Magecart Attackers Weaponize Stripe API and Google Tag Manager for Covert Card Skimming
A sophisticated new **Magecart** campaign has emerged, leveraging the trusted infrastructure of **Stripe**'s API and **Google Tag Manager (GTM)** to host both its credit card-stealing payload and exfiltrate stolen payment data. This innovative approach allows the skimmer to bypass traditional security measures, posing a significant threat to e-commerce platforms and their customers. Discovered by researchers at **Sansec**, the attack highlights a concerning evolution in online payment fraud.

A new **Magecart** campaign is actively exploiting the very services e-commerce sites rely on for payment processing and analytics: **Stripe** and **Google Tag Manager (GTM)**. This allows attackers to seamlessly integrate their credit card-skimming operations into legitimate web traffic, making detection significantly harder.
### The Deceptive Strategy
Researchers at e-commerce security company **Sansec** uncovered this novel malware family, noting its reliance on implicitly trusted domains: `googletagmanager.com` and `api.stripe.com`. Online stores typically whitelist these domains for normal operations, inadvertently creating a blind spot for malicious activity.
**Sansec** explains, "Both the payload and the stolen cards move through `api.stripe.com`. Stores allow that domain by default, so the skimmer slips past Content Security Policy rules and network filters that would otherwise flag traffic to an unknown skimmer domain."
**GTM** is a widely used system that allows website owners to manage scripts for analytics, ads, and tracking without directly modifying source code. **Stripe** is a prevalent payment processing platform for online transactions.
### How the Skimmer Operates
The malicious code is embedded within legitimate-looking **GTM** containers. When a shopper navigates to a checkout page, the skimmer activates, queuing **Stripe**'s API to fetch a specific customer record (e.g., `cus_TfFjAAZQNOYENR`). From the metadata fields of this record, the malware reads and reassembles JavaScript code, which it then executes using `new Function()`.
This card skimmer specifically targets **Magento/Adobe Commerce** checkout pages. It attempts to capture a comprehensive range of payment and personal data, including credit card numbers, expiration dates, CVV codes, customer names, billing and email addresses, and phone numbers.

### Covert Data Exfiltration
Rather than immediate exfiltration, the stolen data is first concatenated into a single string, obfuscated using an XOR operation, and stored locally. A separate routine handles data retrieval, executing after each page load and then every minute thereafter.
This routine splits the obfuscated data blob, creates a new **Stripe** customer object, and stores the stolen information within its metadata fields. Essentially, every compromised payment card becomes a fake customer record in the attacker's **Stripe** account, transforming **Stripe** itself into a storage backend for illicit data.
Once the data is successfully copied to the attacker's **Stripe** account, the local file is wiped. This crucial step eliminates traces of the attack and prevents duplicate uploads, making forensic analysis more challenging.

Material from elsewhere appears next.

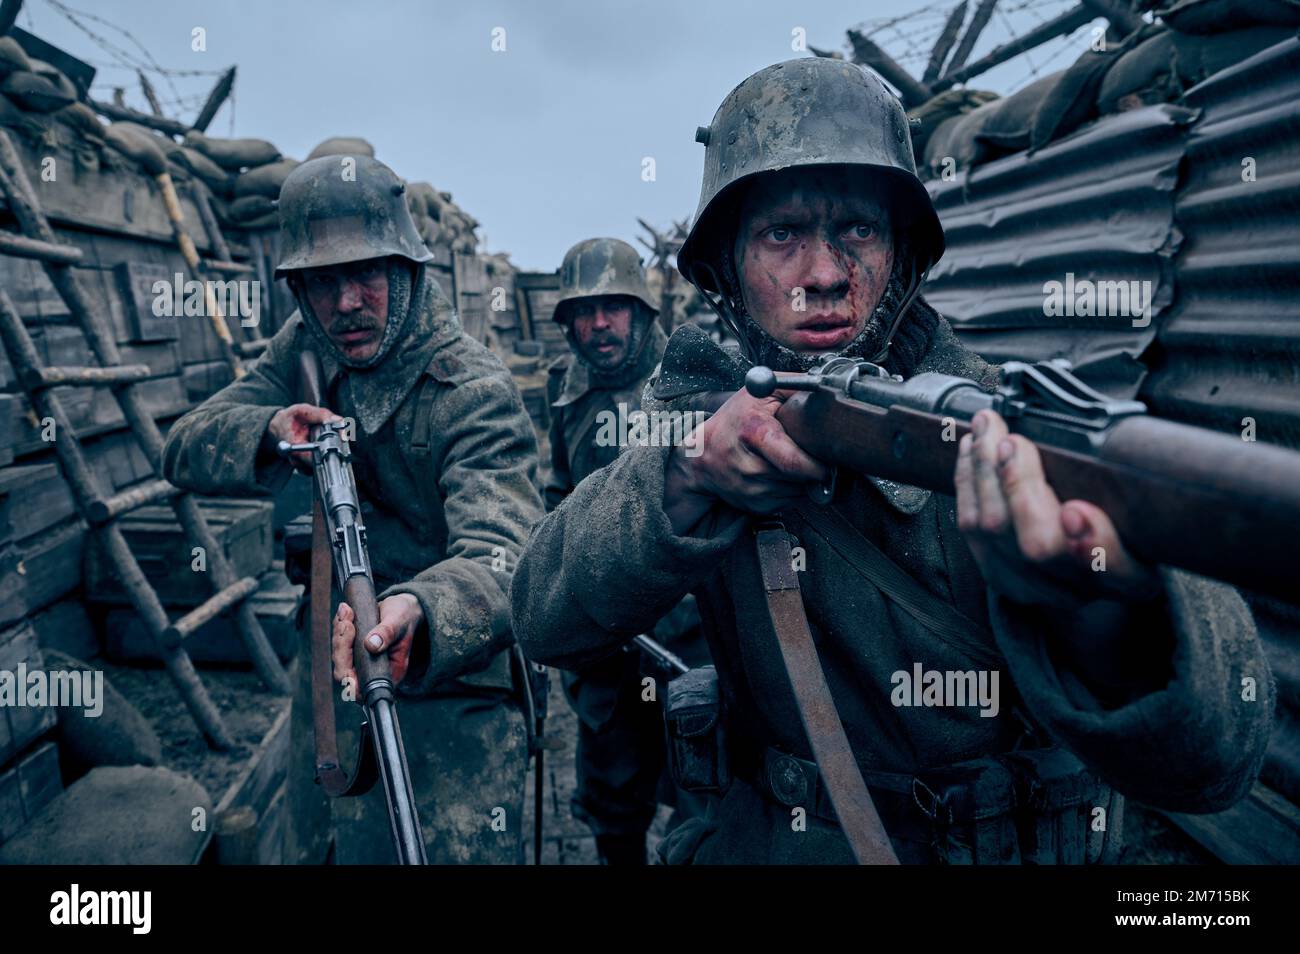 RELEASE DATE: October 28, 2022. TITLE: All Quiet On The Wester Front. STUDIO: Netflix. DIRECTOR: Edward Berger. PLOT: A young German soldier's terrifying experiences and distress on the western front during World War I. STARRING: FELIX KAMMERER as Paul Baumer, ALBRECHT SCHUCH, EDIN HASANOVIC. (Credit Image: © Netflix/Entertainment Pictures) Stock Photo

### The Google Firestore Variant
**Sansec** also uncovered a variant of this campaign that utilizes **Google Firestore**, a cloud database service, instead of **Stripe** for data storage and retrieval. In this version, the payload is retrieved from a Firestore document named `tracking/captcha` within a project called `braintree-payment-app`. The stolen data is then stored in a different `localStorage` key (`_d_data_customer_`). The use of such innocuous-sounding names for documents and projects helps the malware further blend in with legitimate payment and bot-protection traffic.
### Timeline and Protection
The **Stripe** customer record containing the skimmer payload was reportedly created on December 24, 2025, suggesting that this sophisticated operation may have been active for some time. For users, a primary defense against such risks is the use of one-time virtual cards with pre-set spending limits, which can significantly mitigate the impact of compromised payment details.